- **Work to be completed**: Pictures in the data should be dropped; transcribe exactly the lines from the one that has "International Peace Day" through the one that has "Drawing Pencil - JOKER, Jared".

- **Records shown**:
::::::::
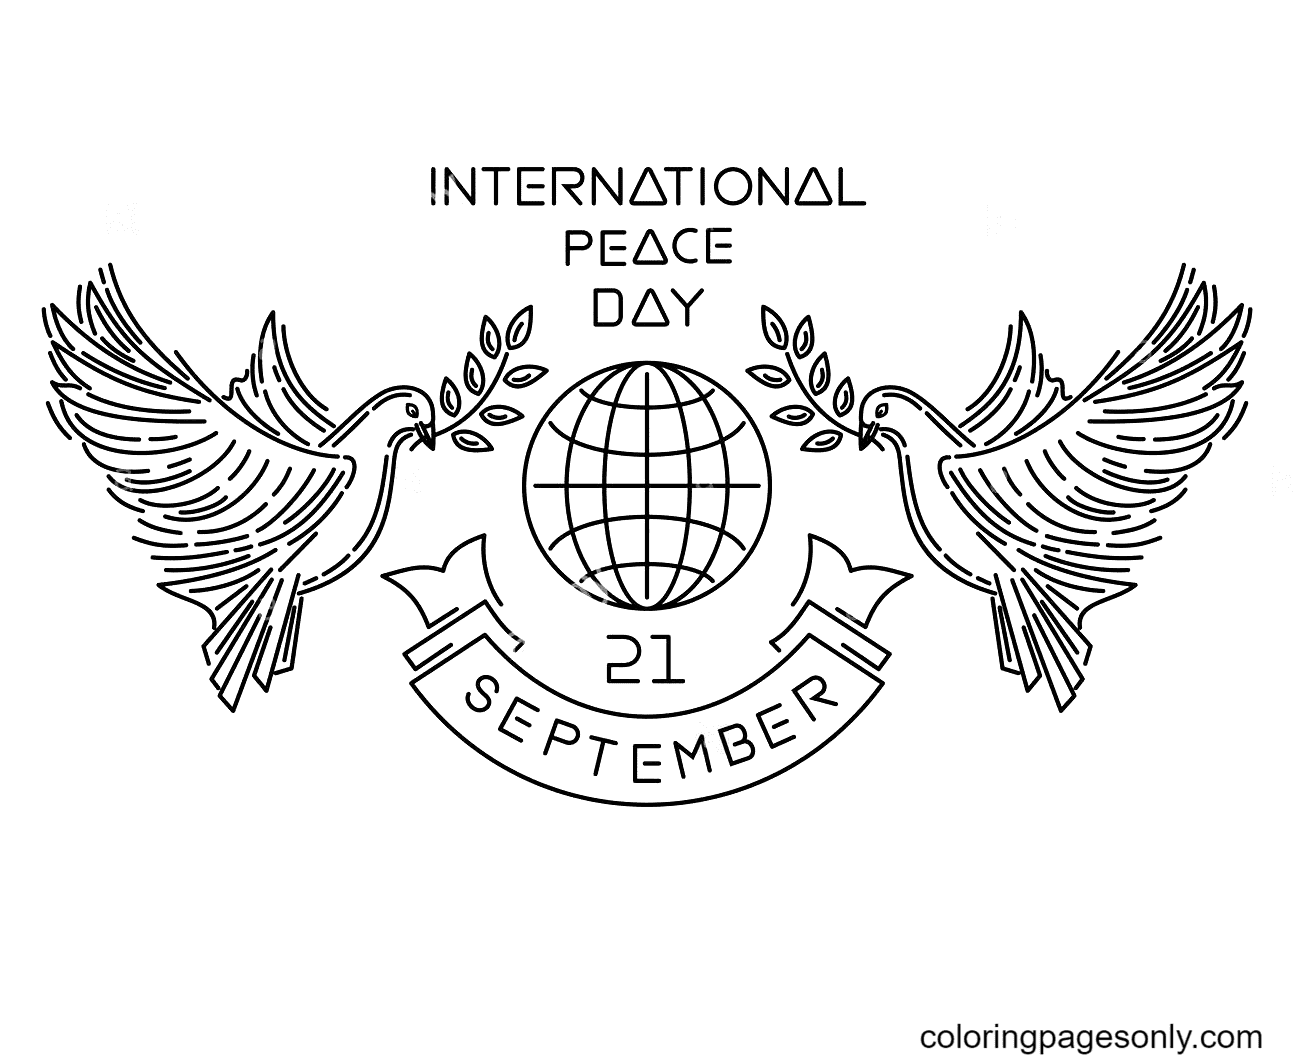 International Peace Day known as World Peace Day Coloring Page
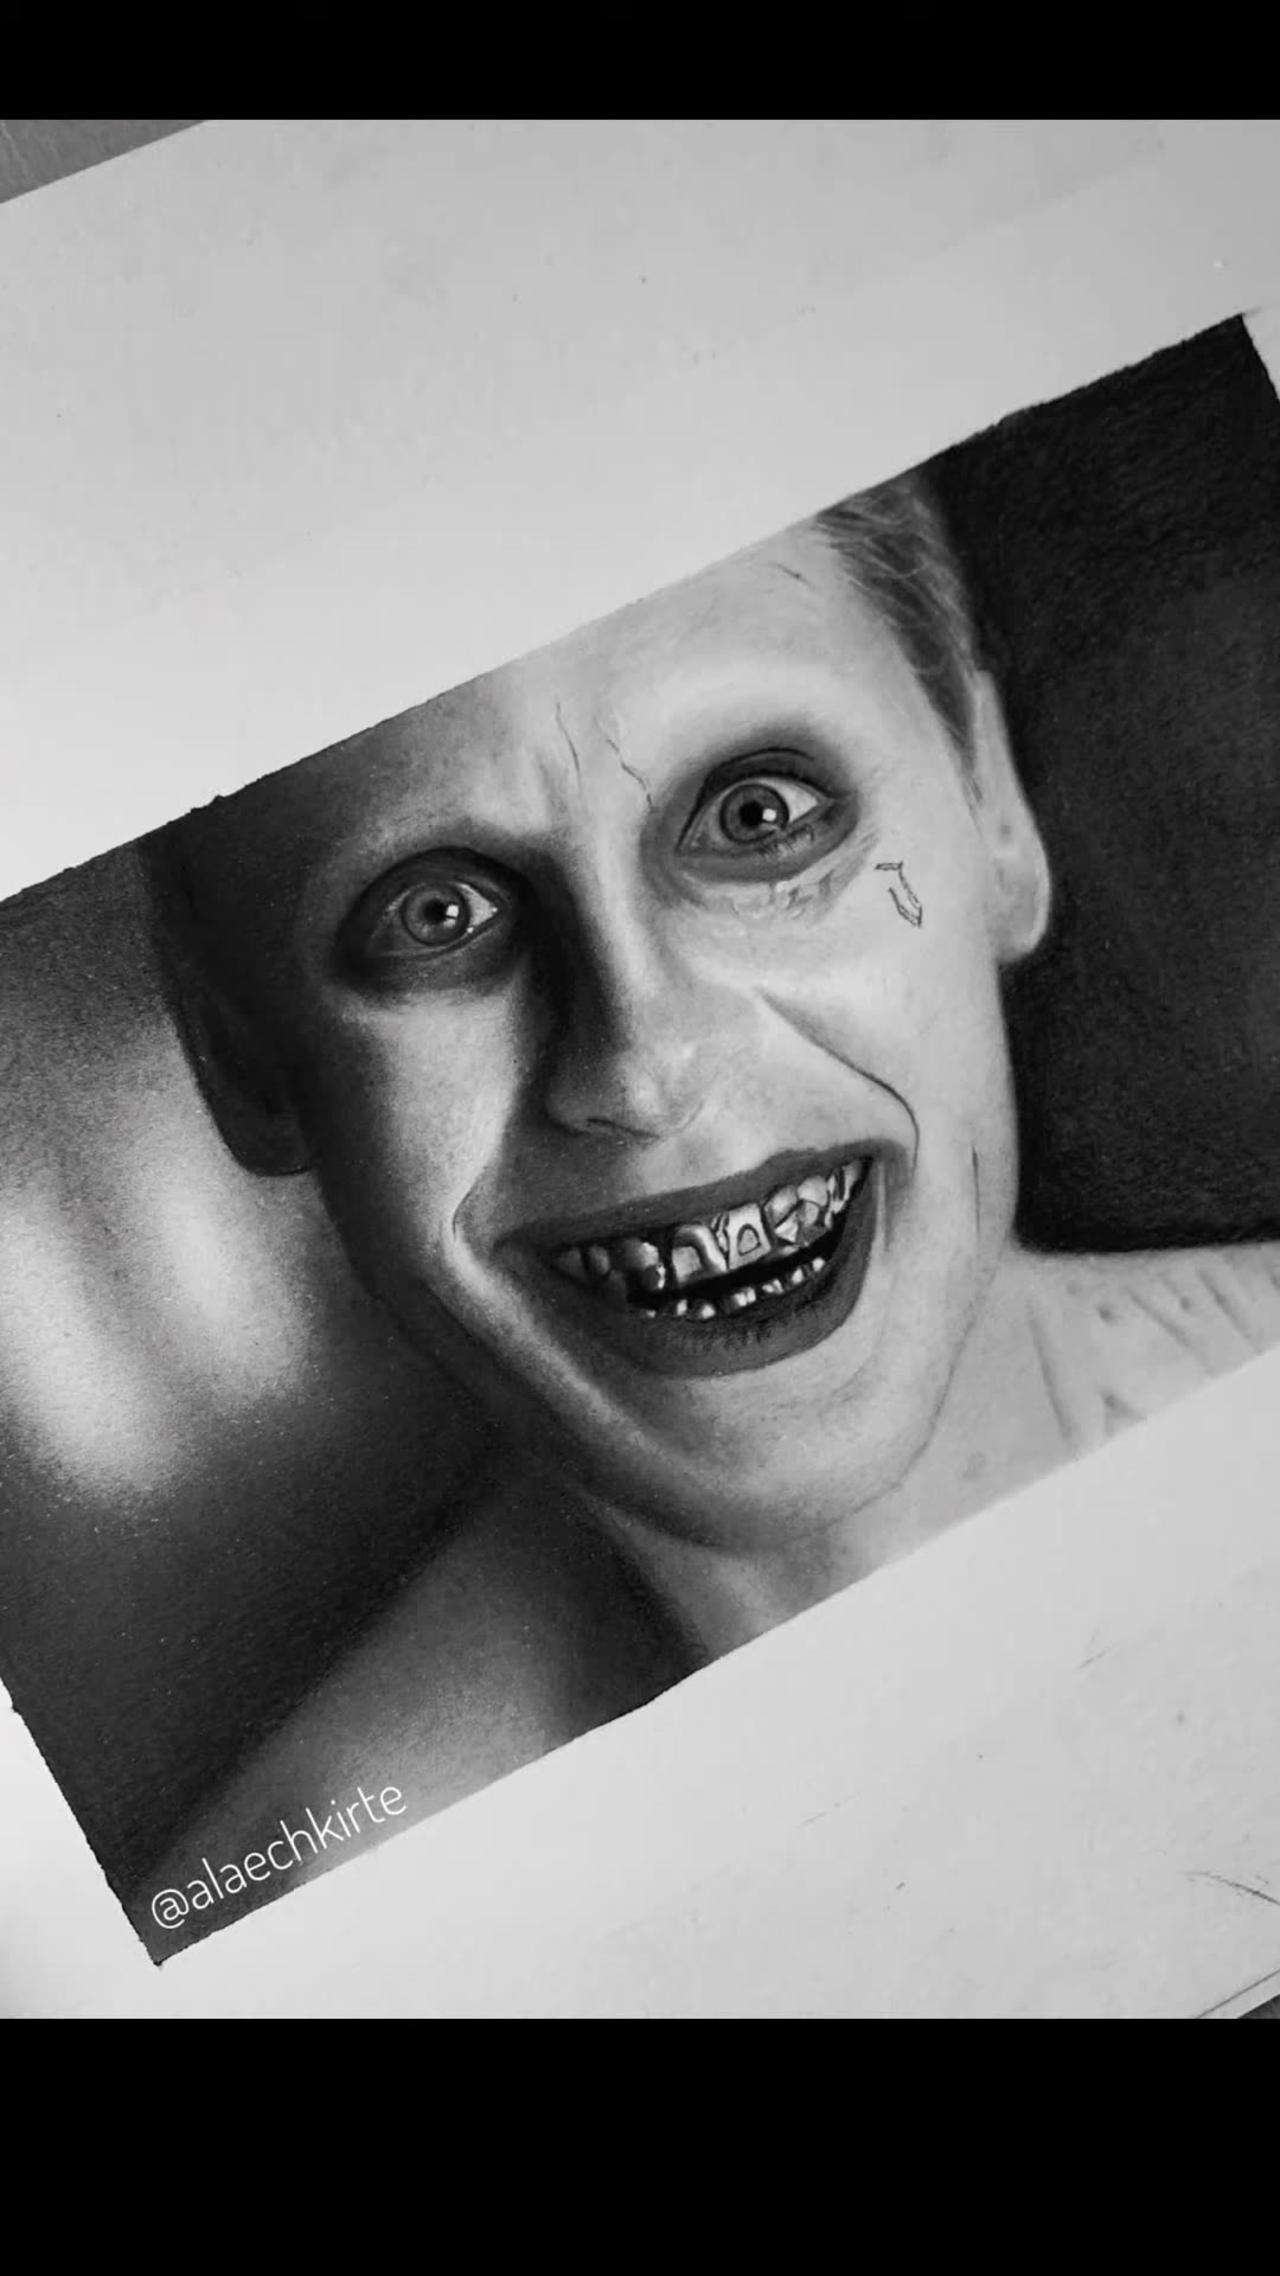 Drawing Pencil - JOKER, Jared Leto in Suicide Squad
::::::::
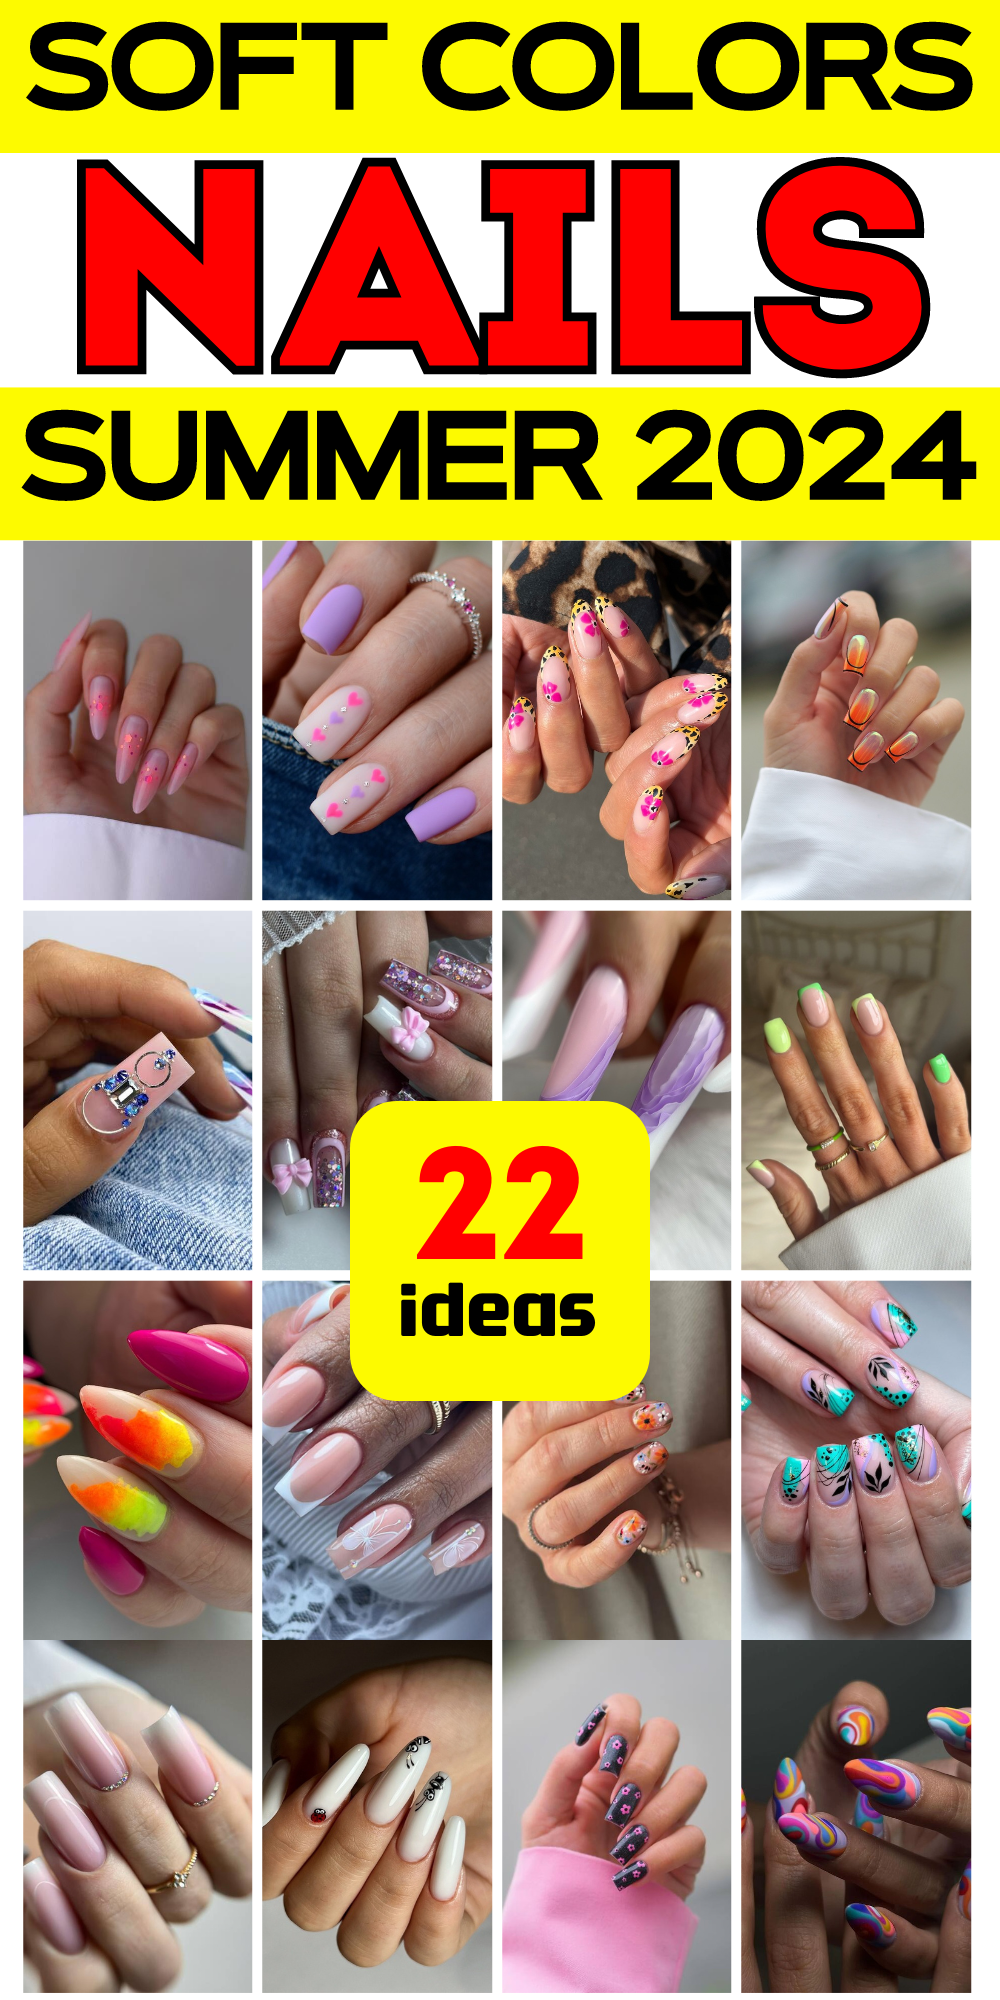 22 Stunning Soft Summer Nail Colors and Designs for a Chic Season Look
::::::::
- **Output of the task**:
 International Peace Day known as World Peace Day Coloring Page
 Drawing Pencil - JOKER, Jared Leto in Suicide Squad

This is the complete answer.